For two years, I worked for the Rutgers Football program under the direction of Kyle Flood. In my time there, beginning with the 2014 season, there was a universal thought amongst my co-workers and college football fans that Kyle Flood was in over his head leading the Rutgers Football team program as it entered one of the most competitive divisions in college football, the Big Ten East.
Sure, we thought we could become bowl eligible, but we did not expect to exceed that. These many doubts proved to be true, and Kyle Flood’s tenure as the head coach of the Rutgers Football team proves what Seth Godin wrote in Tribes: “If you don’t have the ability to lead, it can be dangerous to try.”
From 2012-2015, During his time leading the program, the team endured twelve total arrests, involving ten different players. Also, Kyle Flood himself was found guilty of academic misconduct after violating university code when attempting to lobby for a player’s grade to be improved to make the player eligible for the upcoming season.
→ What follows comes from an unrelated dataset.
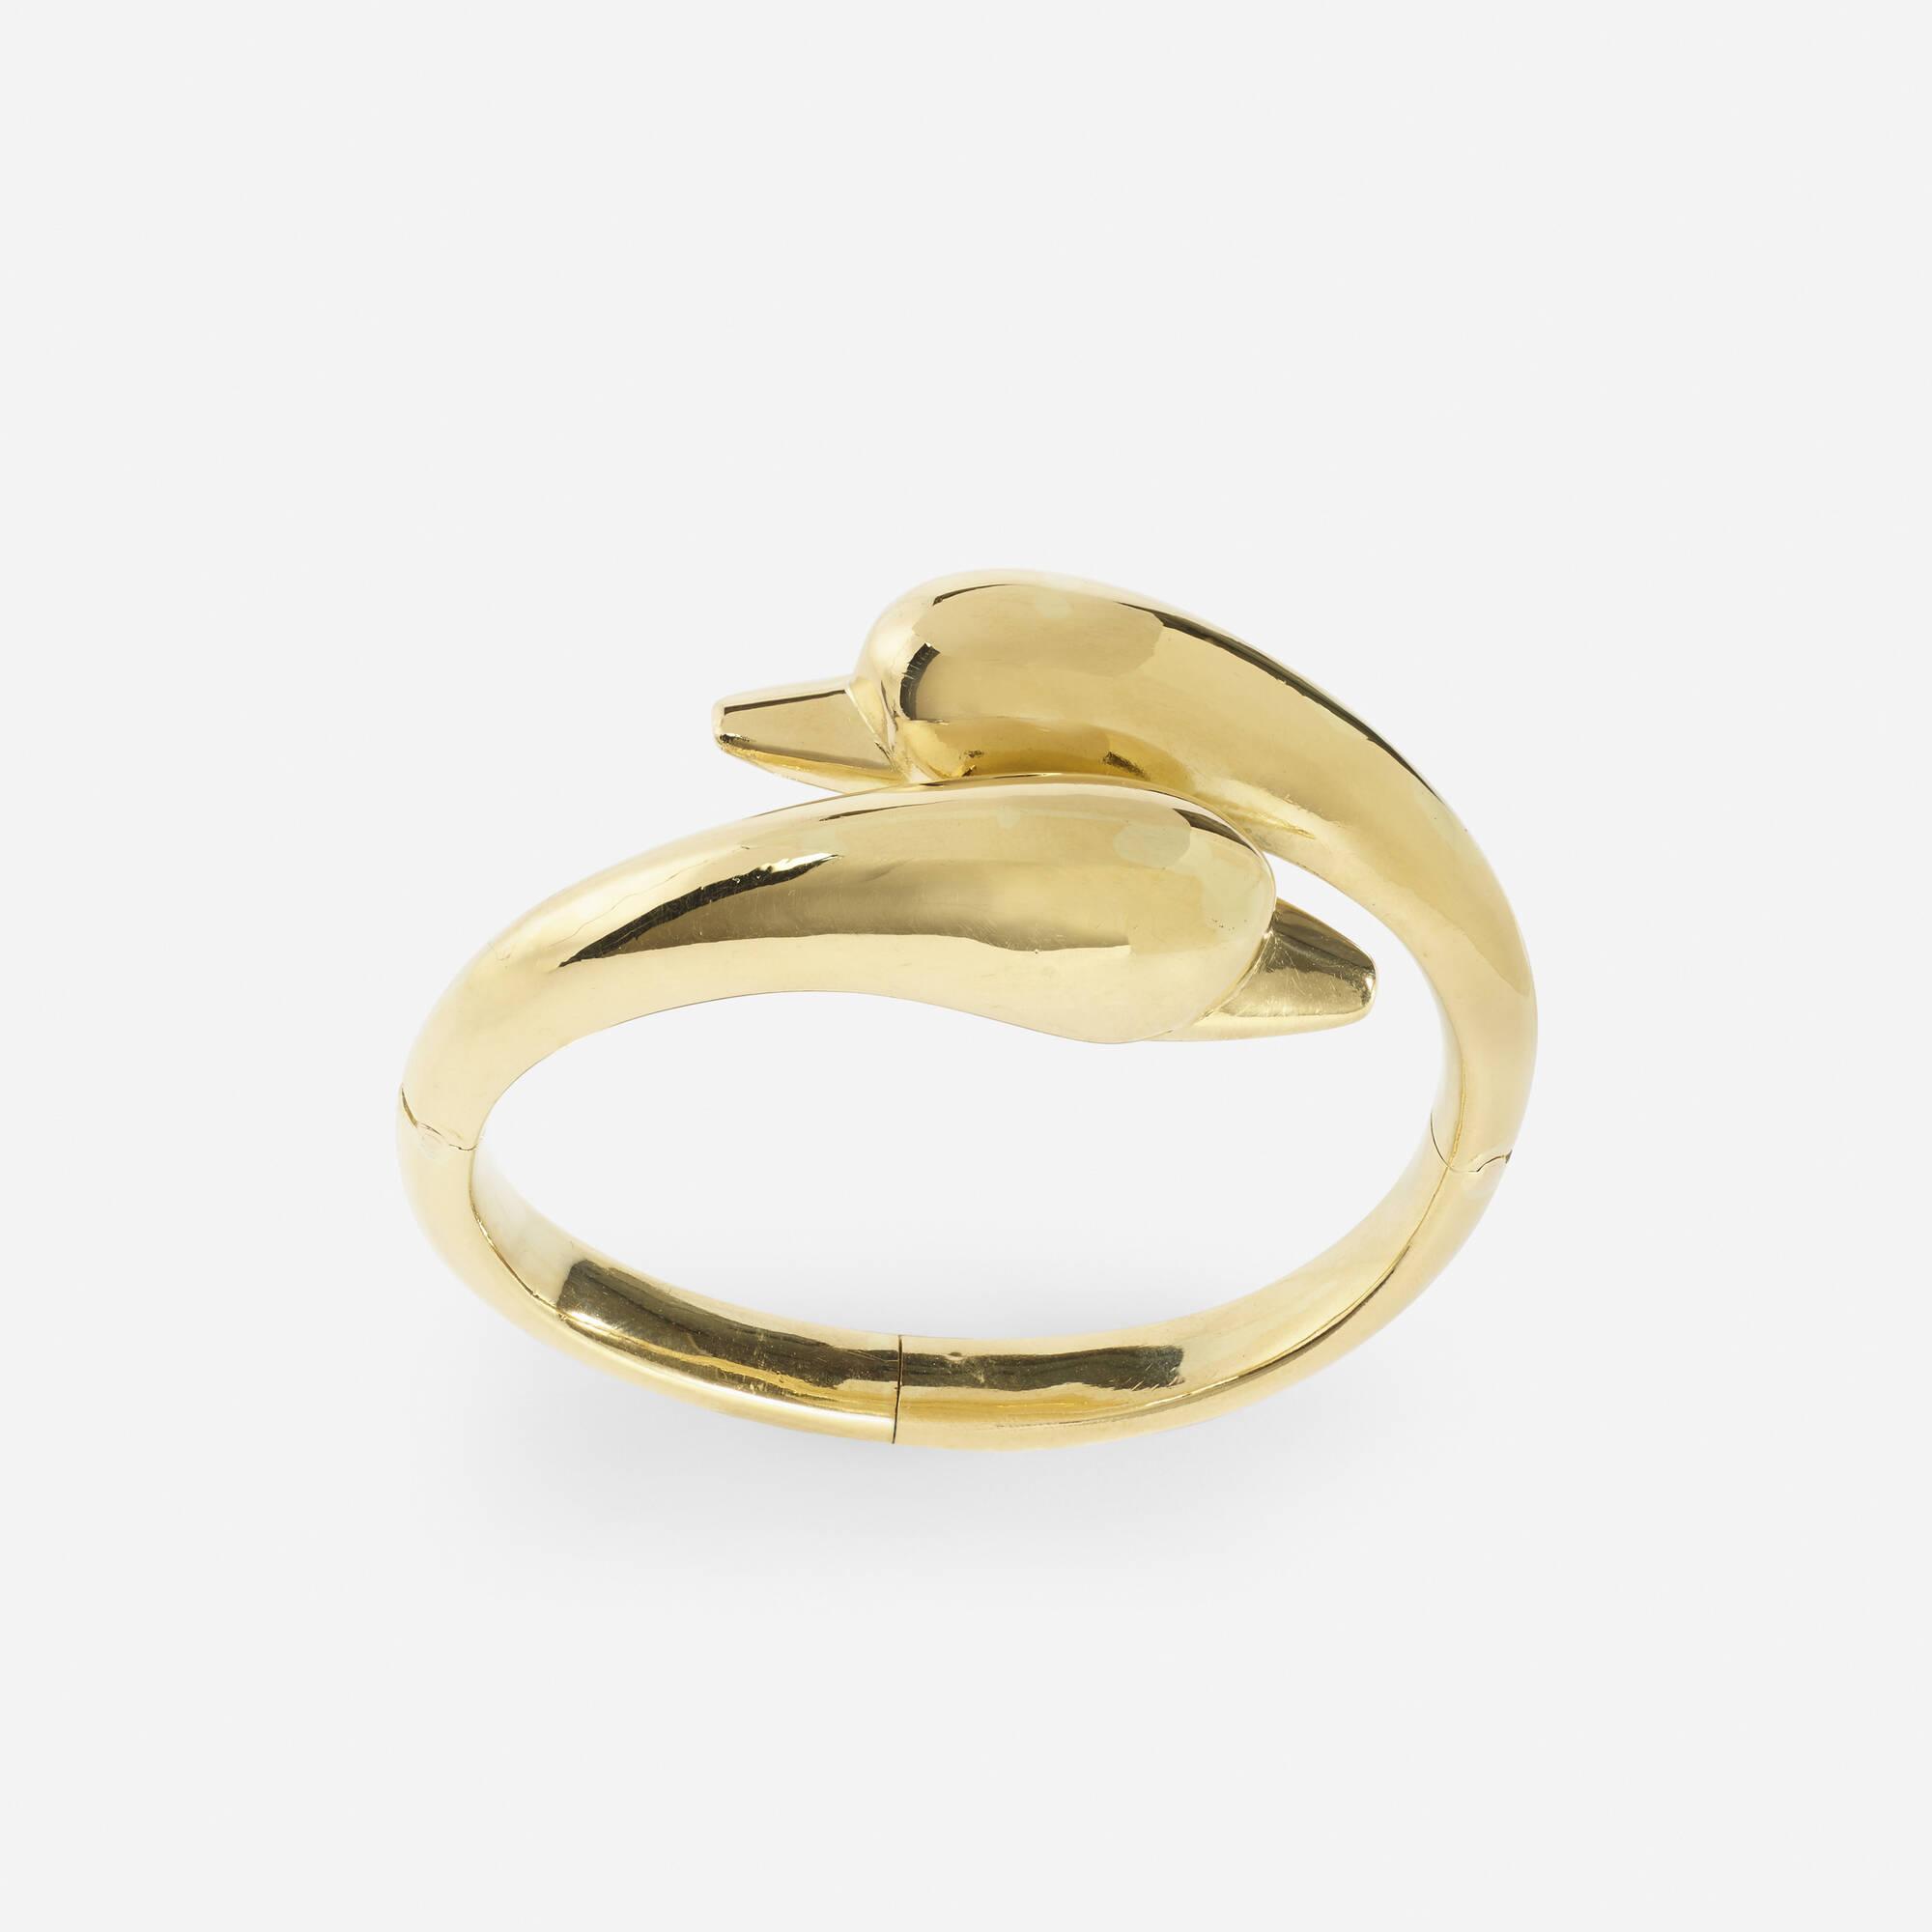 244: Lalaounis / A gold Swan bracelet (2 of 2)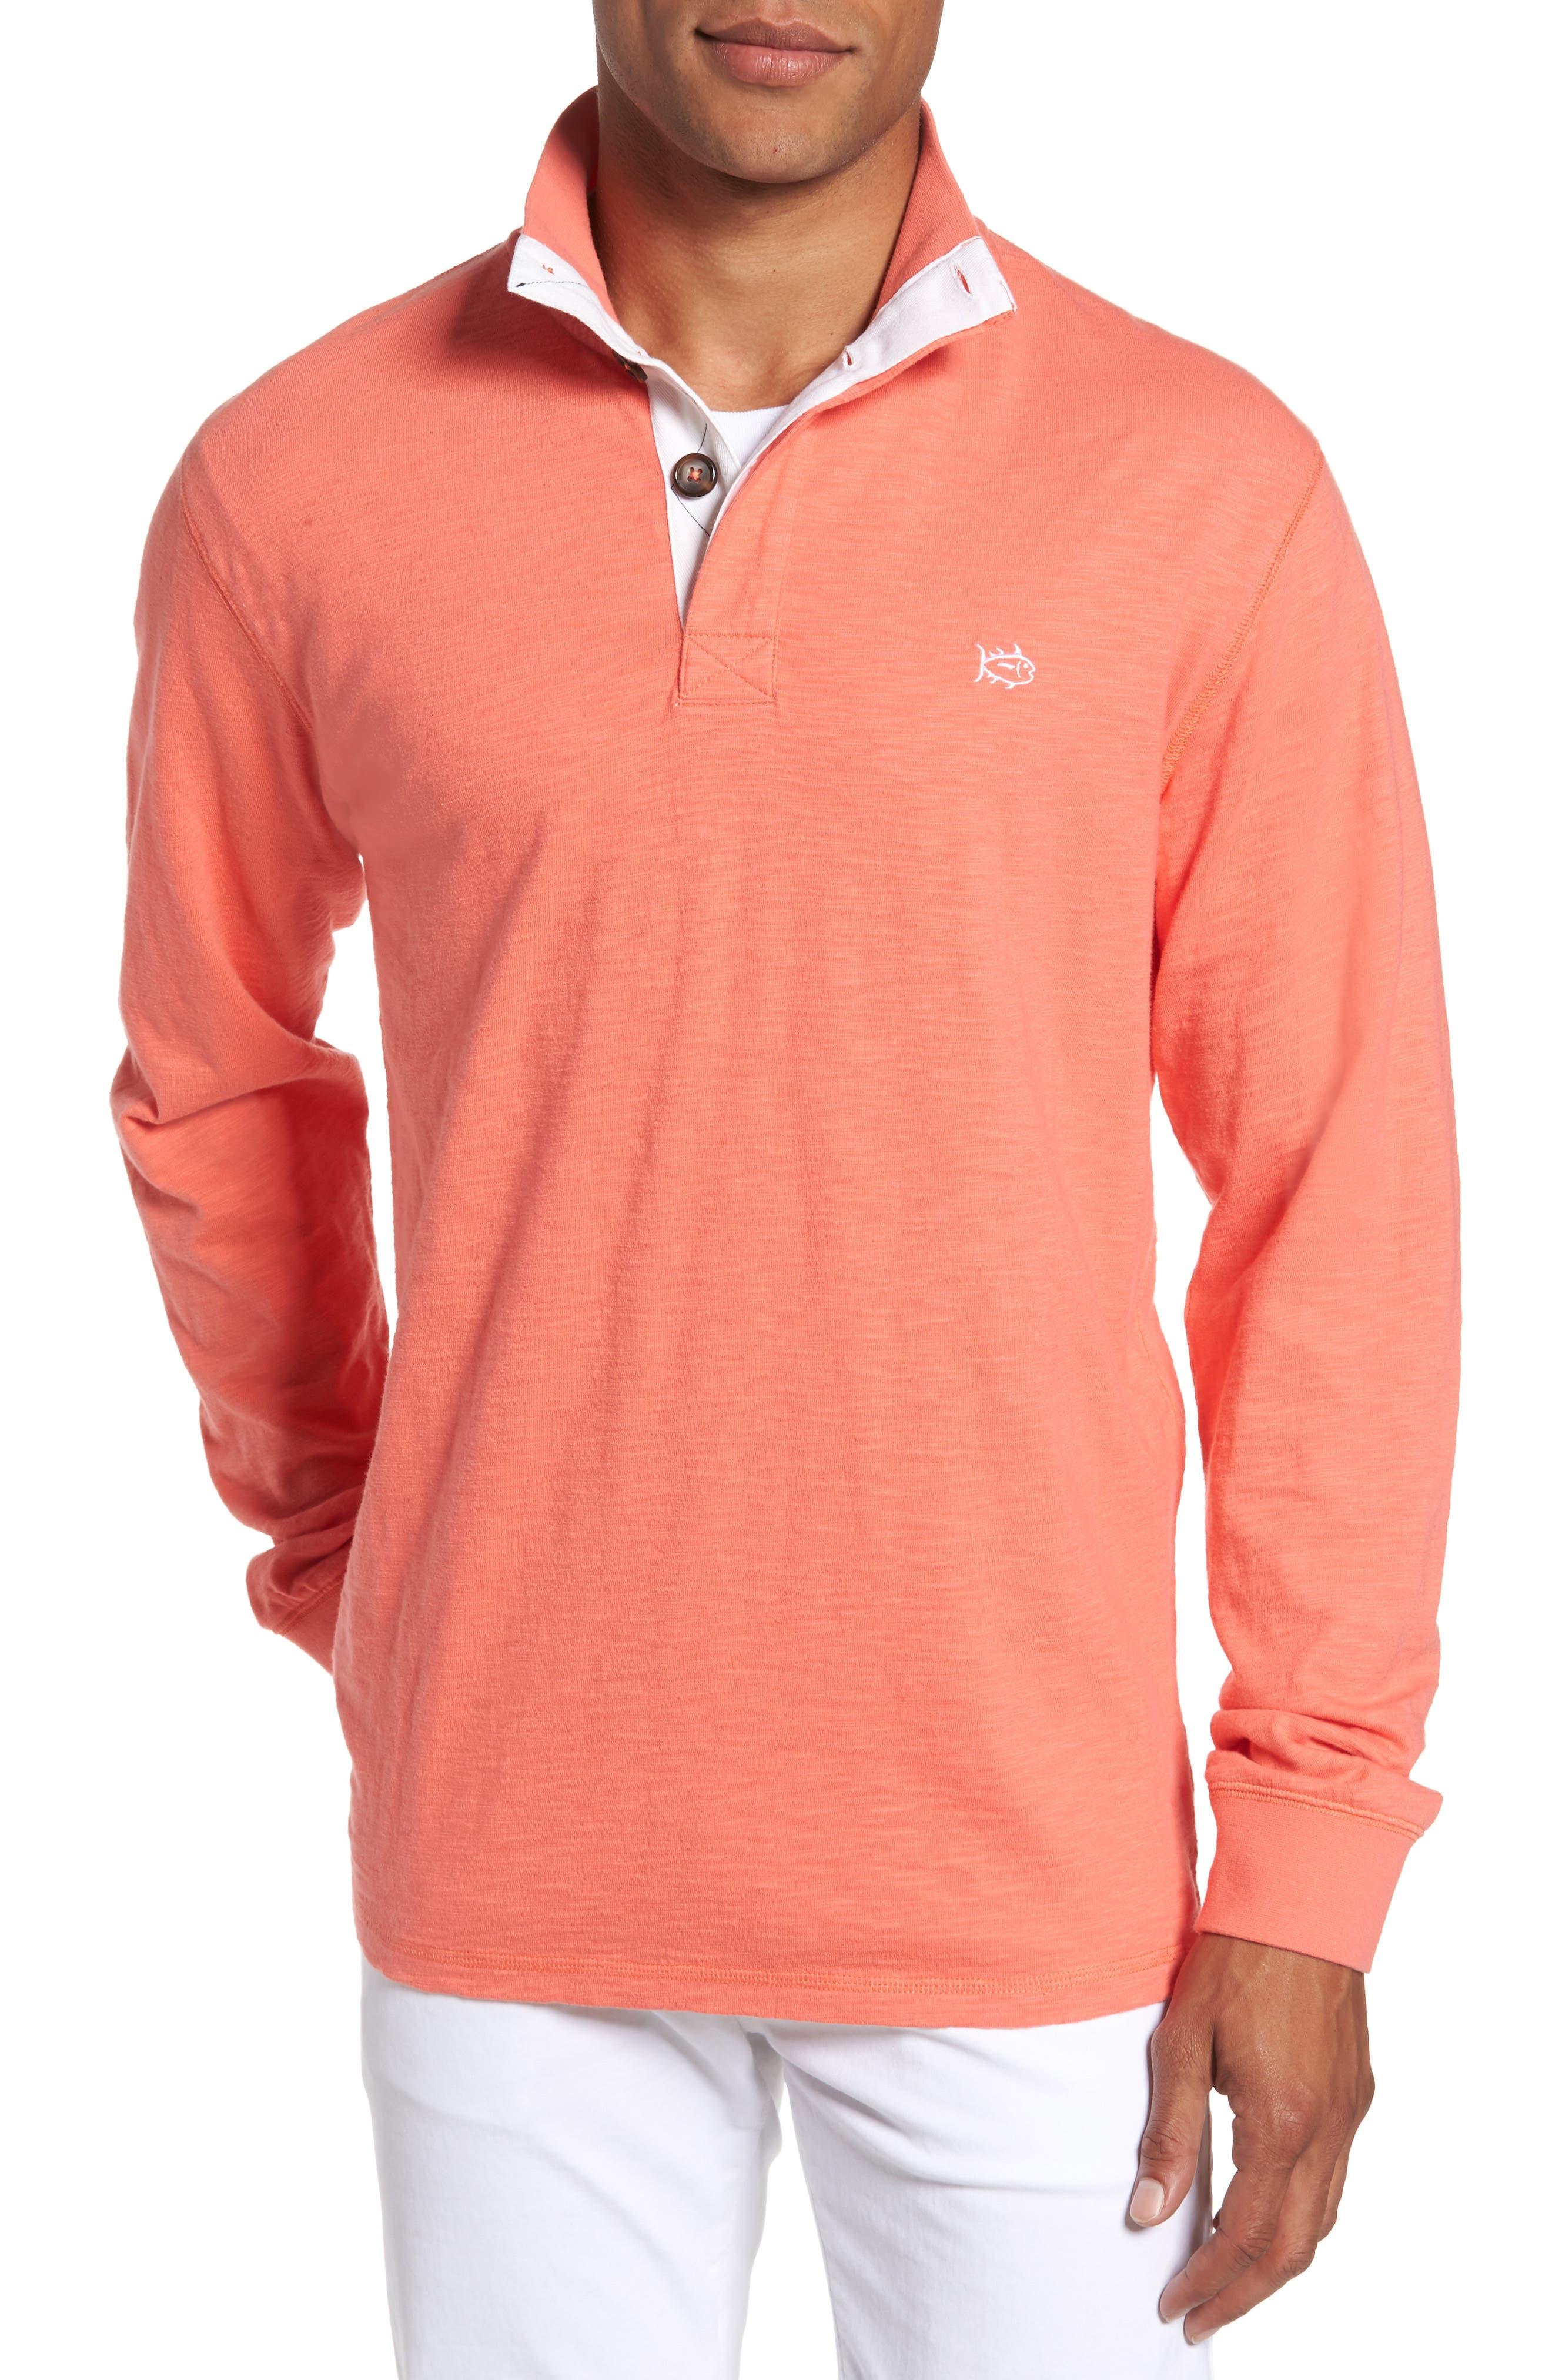 Gulf Stream Sweatshirt,                             Main thumbnail 1, color,                             Melon

All of these occurrences over a four-year period led to his failure as a leader and dismissal from his position as head coach of the football program.
I believe that these issues can ultimately boil down to failure in communication at the organizational level. Successful communication relies on a level of trust within an organization, which will keep a singular focus and allow for collaboration amongst it’s members.
I found that there were failures at both the internal and external levels. Internally, communication within the program was poor. For example, Coach Flood always stated in the off-season that we were “competing for a Big Ten Championship.” That was simply not a realistic message to give to his team as those hopes were usually dashed three weeks into the season.
It was these types of unattainable goals that ultimately lead to establishing a culture of failure.
Externally, Coach Flood explicitly attempted to distort the truth in the academic scandal that ultimately led to his firing. When asked why he used a private email account instead of his university registered account, he said, “The issue with the private email was really just to protect the student-athlete, a student-athlete whose academic record had always been, to some degree, on public display when it shouldn’t have been.”
If a player is in good academic standing, then their academic record would never have been a topic. This player was not in good standing, and by saying this, Flood not only removed his athlete’s responsibility for being a topic of media coverage but also hid the real reason for using a private email, which was likely to erase any trail of his wrongdoing. This failure of external communication furthered an already negative perception of his leadership within the program.
None of these failures became so clear to me until I got the opportunity to operate under the new coaching staff at Rutgers University lead by Chris Ash.
After watching just one practice I saw that, as Simon Sinek wrote in Start with Why, “there are leaders, and there are those who lead.”
A leader, Kyle Flood, is merely someone who holds a position by title. But someone who leads, Chris Ash, can be any person, regardless of a title, that does what is needed to be done. The simplicity of Coach Ash’s messages and central theme of accountability are extremely refreshing adjustments from the far reaching goals of the Kyle Flood Era.
This is evident in the way the staff delivers information to the team, fans, and media. At his introductory press conference, Coach Ash clearly showed how his style contrasts to that of Kyle Flood.
When asked if winning championships was a realistic goal for his program, he answered, “we’re not going to make a lot of goals that talk about results with winning games and championships. We’re going to worry about making goals that make us better tomorrow than we were today.”
“It’s about getting better every single day,” he said.
Being present at practices this winter, I can honestly say that he has stuck to this quote every day. Therefore, there is better internal and external communication in the Rutgers Football program.
In addition to an improvement in communication, Coach Ash also shows that he has begun the process of finding a path to greatness by confronting the brutal facts of the program’s current reality. It is ultimately a fact that Rutgers will not win the Big Ten this year, and Coach Ash accepts that.
But he is willing to focus on the things that he feels he can control and make his players more capable of becoming champions. He does this simply by holding them accountable and demanding maximum effort. I have personally been inspired by his messages without having a conversation with him, and I feel motivated to be a better person by having the opportunity to be in his presence.